We're at an ASR show, and then Thrasher had a booth or whatever.
This is, I don't know, must have been six, seven years ago, and they had this big prominent
booth and people in there, and I walk in, and I got some shorts on and a t-shirt, and the
guys comes up to you, man, what are you doing?
Well, it looks like everybody else signed their cover, and they're like, well, what
do you mean?
I said, well, can I sign mine?
And they looked at me, dumbfound it, like, well, what do you mean you have a cover?
So, I walked all the way to the end of the board, like, where the dinosaurs are, and
I signed the cover.
I said, yeah, that's me.
This is a trendy one here, High Speed Productions, second issue February of 81, February of
81, second issue of Thrasher Magazine, High Speed brought us this, the Bible.
First issue with a skateboarder on it, an actual skateboarding photograph.
Big controversy on this cover was I was a SoCal board boy, and this is a NorCal mag,
sorry.
Those guys were all, it's a different country up there, we all know it.
So, back then, it was a, yeah, they couldn't believe they put a SoCal guy on there, and
especially from little Pasadena.
Strobel was one of the premier pros of his time, like, Andrew Reynolds or a soy of his
time, you know, just to pick two games out of thin air.
Top of his game, top of the class, professional skateboarder for that era.
So Thrasher comes out of nowhere.
They were the antithesis of everything that was Southern California, that was skateboarder
magazine, you know, and skateboarder magazine, they turned it into action now, action now
at horse riding and bike riding and all this alternative lifestyle bullshit that had nothing
to do with skateboarding, and Thrasher was a virus against that, like, fuck that shit.

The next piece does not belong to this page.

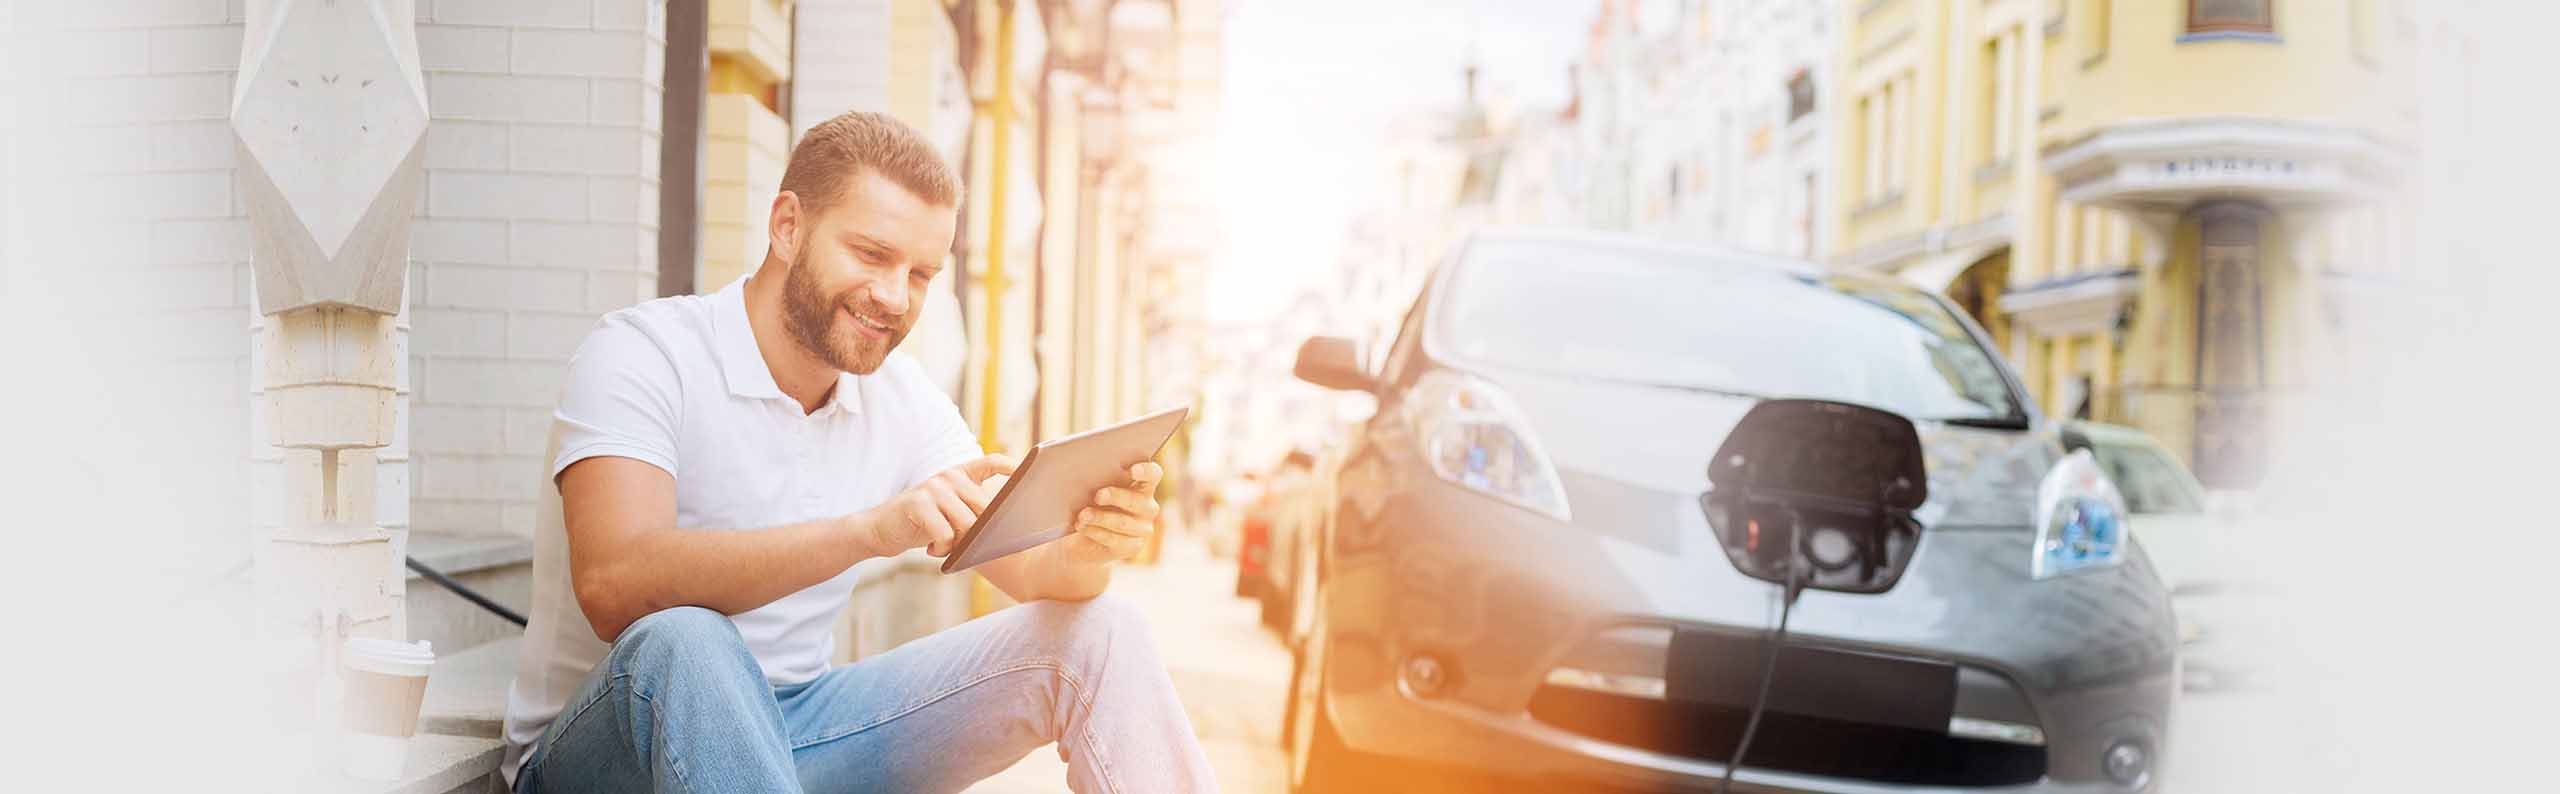 Glücklicher mann hält ein Tablet während er sein E-Auto tankt

This is punk, this is raw, we're doing this, and henceforth they named Thrasher.
It could have been anything, but instead, they went with the good old hardcore lap over
grind in the backyard pool.
Back to basics, basically, it's a long, long time, a long time ago, and it's good to see
Thrasher still around.
This one I've been skating, it was a really fun kind of keyhole, and great trannies, and
that wall there, there's a picture of tax in here that, as Jeff said, should have been
the cover.
Even an ollie over the stairs, that's pretty cool, actually, and it's raw, that's fun.